Jean-Baptiste Marty / Photo credits: YAMIL LAGE / AFP 7:15 a.m., March 18, 2024

Minors are increasingly targeted by sectarian aberrations.

According to an Intelligence note that Europe 1 was able to consult, young people are increasingly affected by conspiratorial speech and behavior.

Educational teaching, but also social networks, serve as a vector for disseminating these theses for adults wishing to expand the conspiracy sphere.

This is a phenomenon that is increasingly worrying the authorities.

According to information from Europe 1, minors have become the preferred target of sects and adults committed to conspiracy theories to expand their community.

Beliefs such as the denial of the September 11 attacks, the flat earth or even the creation of AIDS in the laboratory are taught to these children from a very young age.

Schools outside of contract

More vulnerable due to their incomplete cognitive development, targeted children are removed from the traditional school system.

Non-contract schools are multiplying everywhere in France.

120 are created each year.

There are more than 2,500 in mainland France, where around 100,000 students are enrolled.

In some of these schools, minors are exposed to conspiracy theories, with an educational program different from that taught in schools with a partnership with the State.

In 2023, a teacher at an establishment in Colmar lit a fire in an enclosed area.

The children had to stand in the smoke for between 5 and 10 minutes in order to stimulate the sensoriality, awaken the senses and the child's individual thinking.

Cognitive delays

Another scourge noted by the authorities is the cognitive delays among these minors affected by these sectarian excesses.

The age theory is particularly relayed in certain non-contract schools with an educational approach divided into four phases: the first birth, until the age of seven, where the child receives little school education.

>> LISTEN - 

Conspiracy and obscurantism: how to renew the dialogue?

The second birth, from age seven, where the child begins to learn to read.

The third birth, from the age of 14, with the start of scientific education.

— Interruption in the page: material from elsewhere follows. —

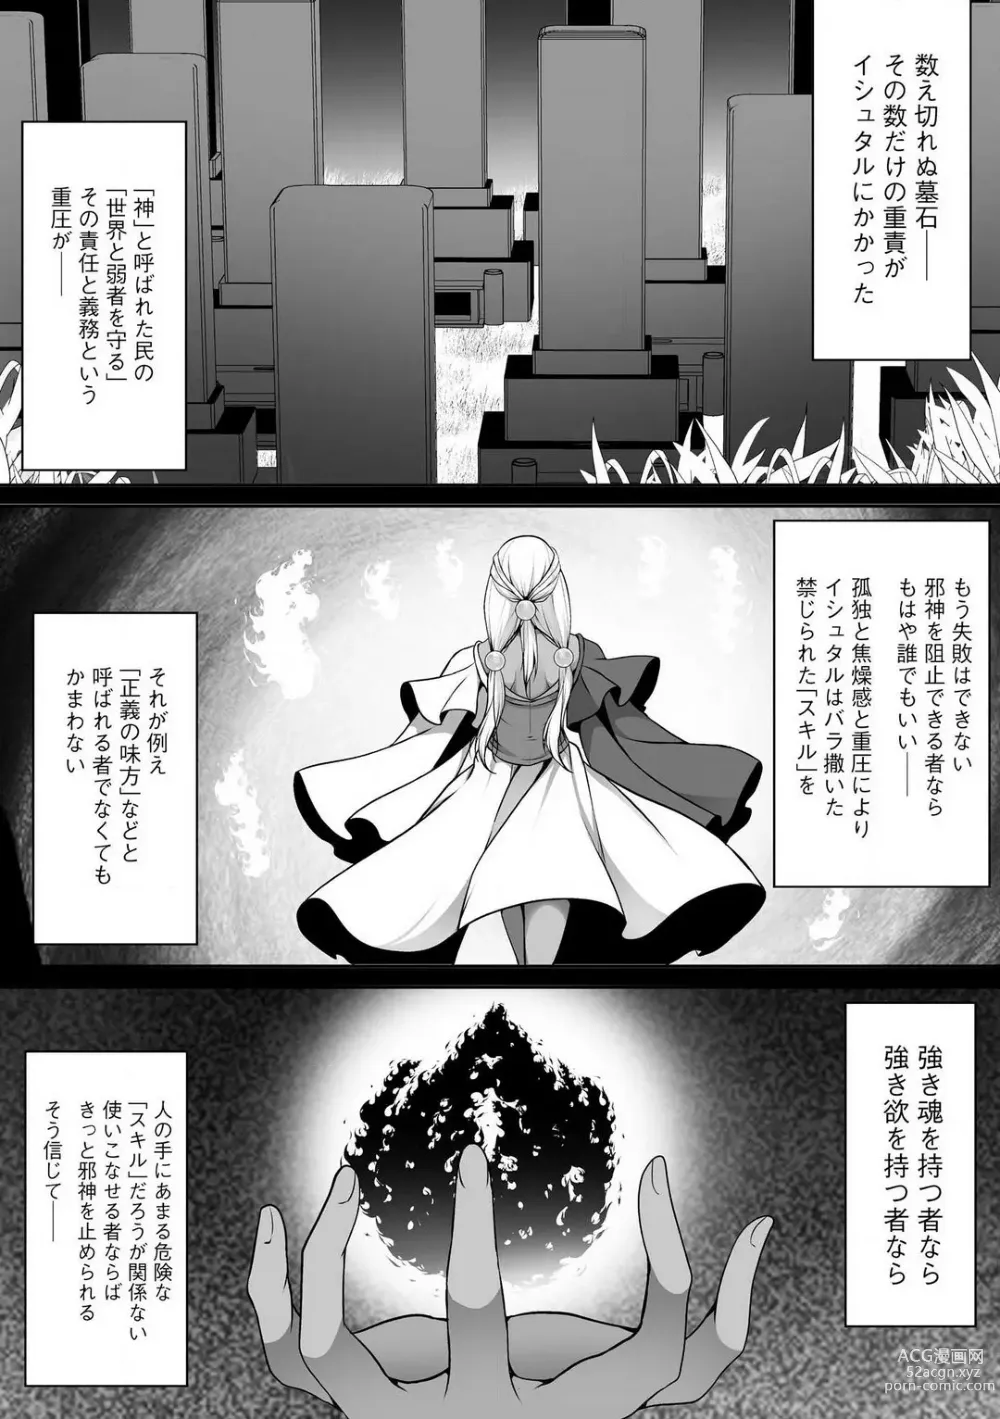 Page 331 of manga Cheat Skill Shihai

Finally, the fourth birth, at 21, where the young adult is considered perfectly autonomous.

Minors are thus behind in terms of educational development compared to a student receiving traditional training.

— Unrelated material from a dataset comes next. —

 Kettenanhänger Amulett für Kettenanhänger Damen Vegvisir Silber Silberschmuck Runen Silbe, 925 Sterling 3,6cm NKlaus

Thus, an 11-year-old child, educated in a school located in the Meuse, and demanding alternative education, did not know how to read when he went to middle school.

Bodily violence

According to the authorities, children living in these environments are more exposed to physical abuse, torture, touching and even rape.

Cases have been observed in particular in the environment of anthroposophical schools where educators choose not to intervene during acts of violence between students so as to “not cause the child to set back irreversibly in his karma”.

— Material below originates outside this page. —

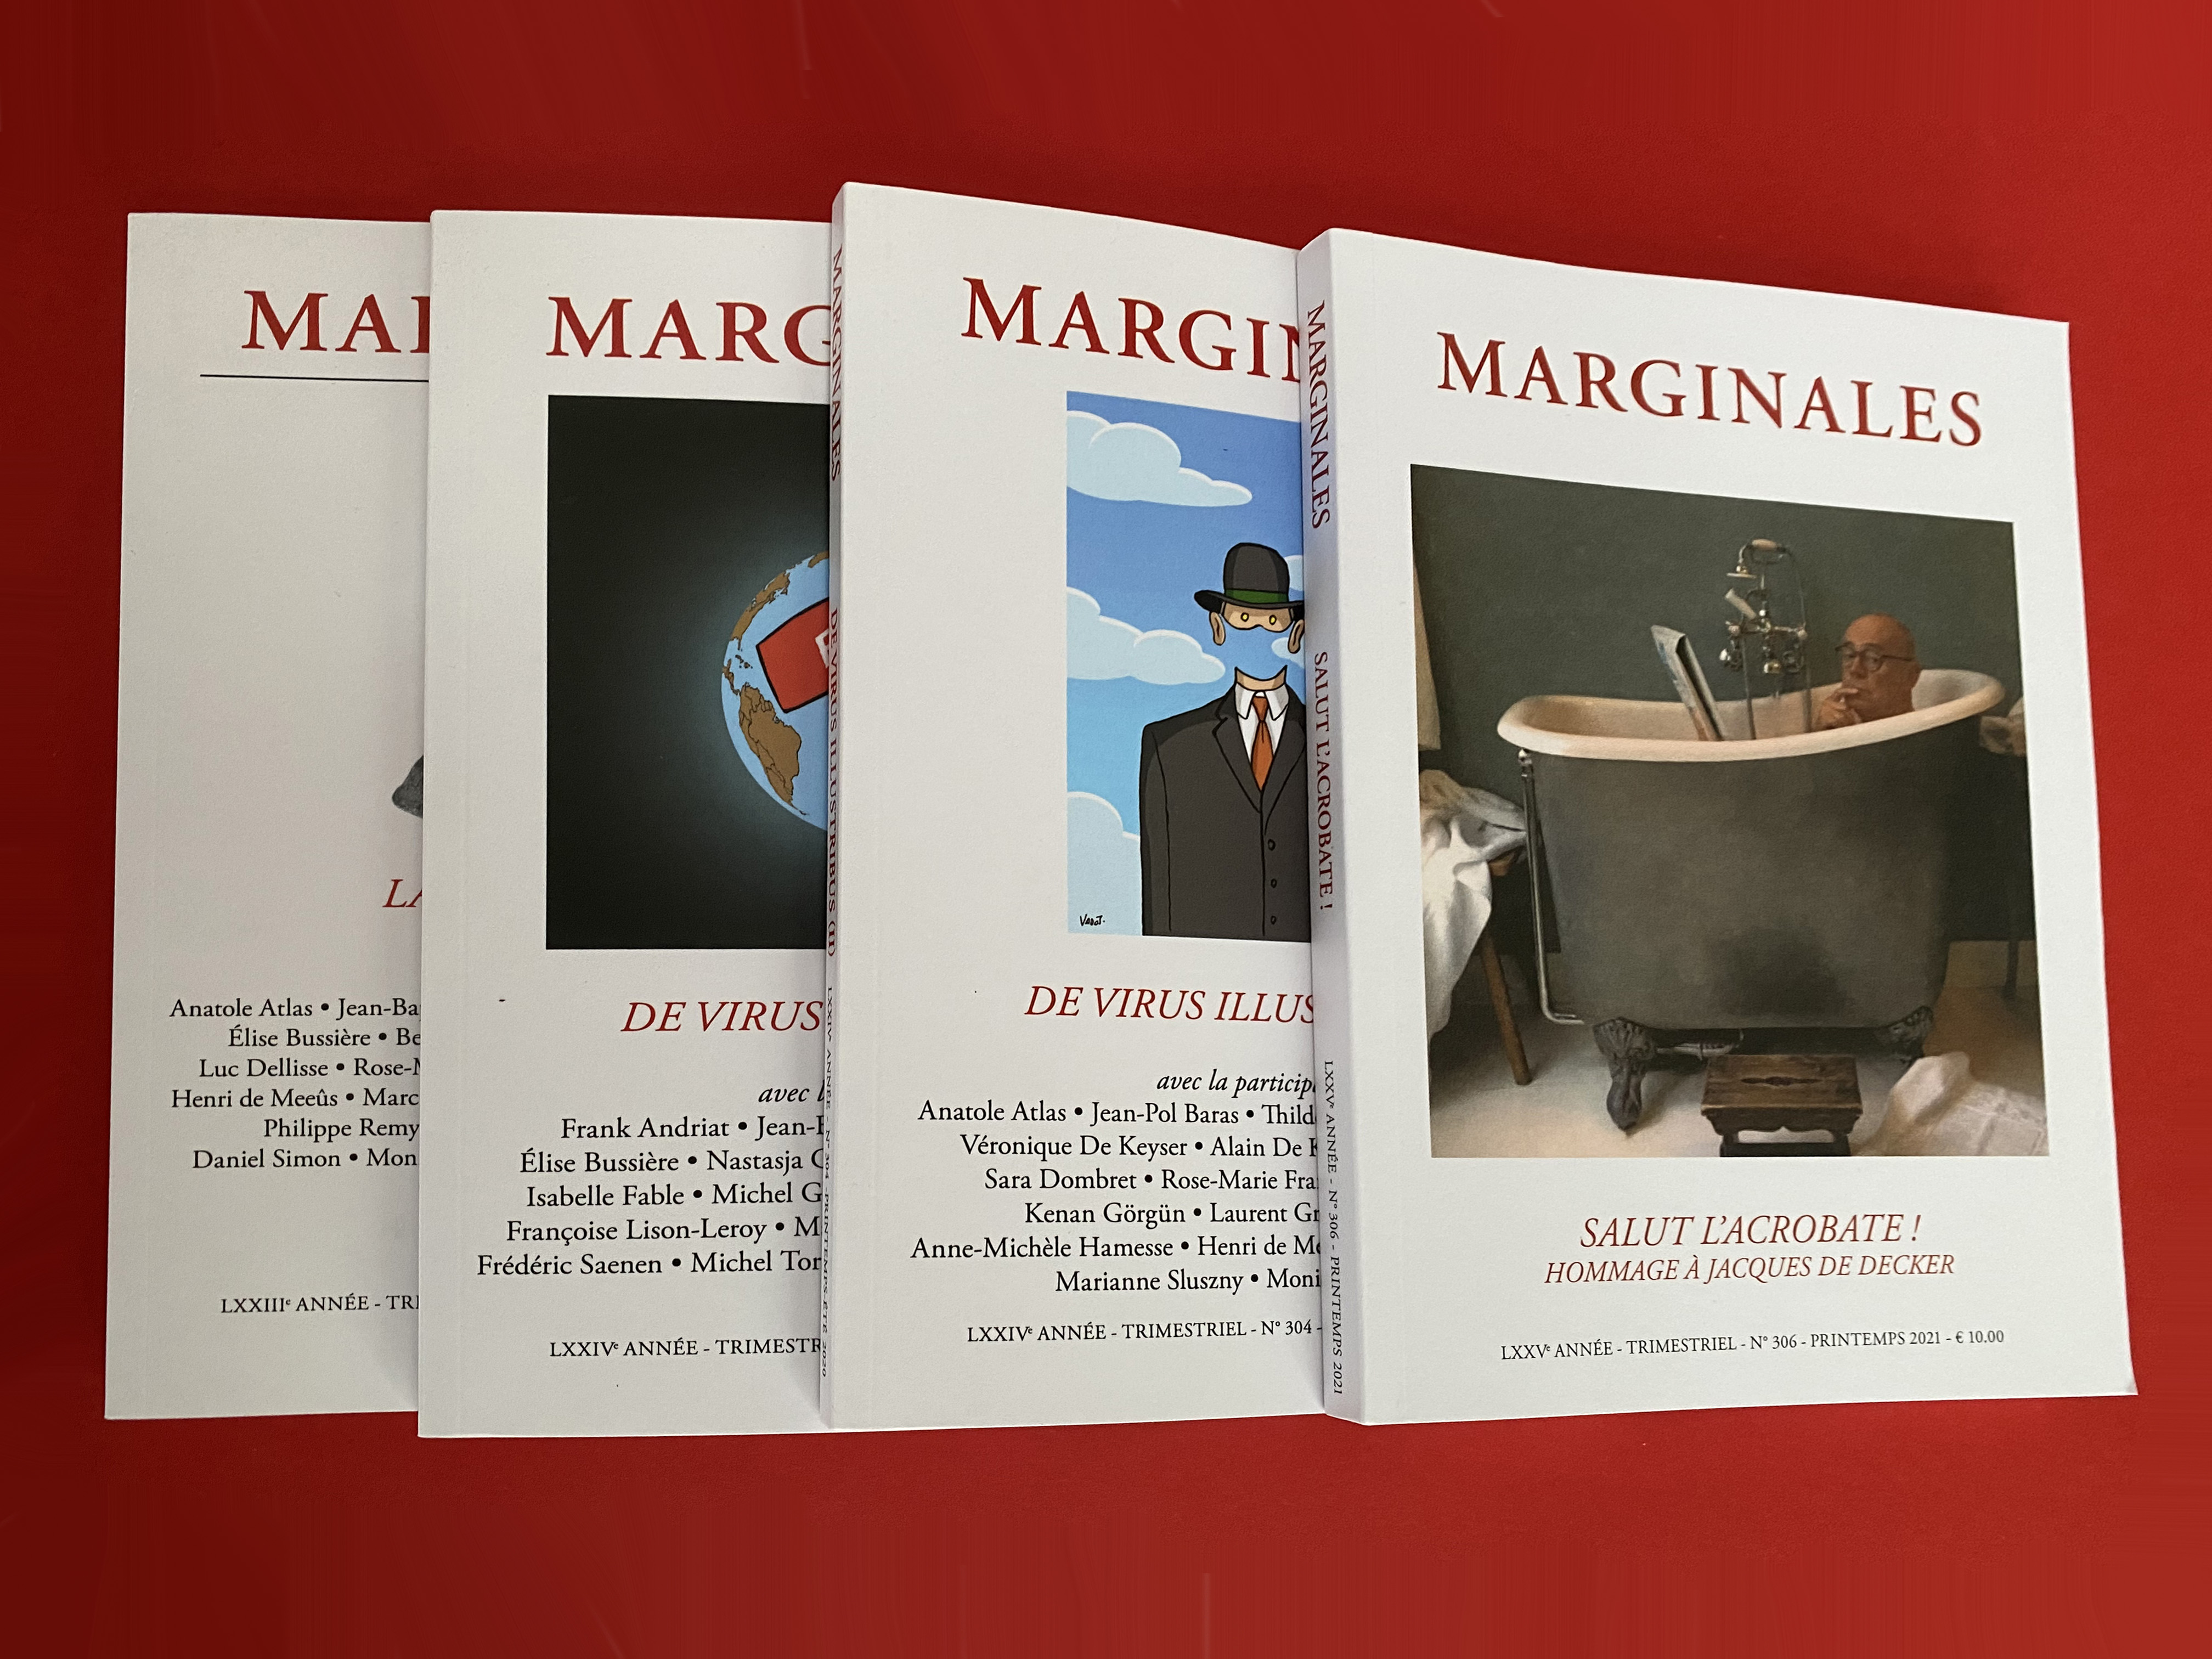 Marginales, une revue belge consacrée à la nouvelle

Adult followers of these conspiracy theories spread their practices in certain schools outside of the contract.

Refusal of vaccination is established in some of these establishments, endangering the health of students.

For example, a measles outbreak developed a few years ago in a school in Colmar.

Children attending these schools are therefore more easily exposed to diseases and infections.

>> READ ALSO - 

How are conspiracy theories born?

Social networks, a recruitment channel

Faced with the development of social networks, sectarian groups use these channels as a means of recruitment.

Minors have become a preferred target for these adults who are committed to conspiracy theories.

The growing distrust of institutional discourse is part of this recruitment and support for conspiracy theories.

With reassuring speech and the illusion of a dangerous world, with state institutions at its head, minors are more easily affected by these theories.

In this context, the authorities are warning of the dangers represented by these currents of thought.

To combat these abuses, the government has created, with Miviludes and prevention associations, an action program aimed at protecting minors.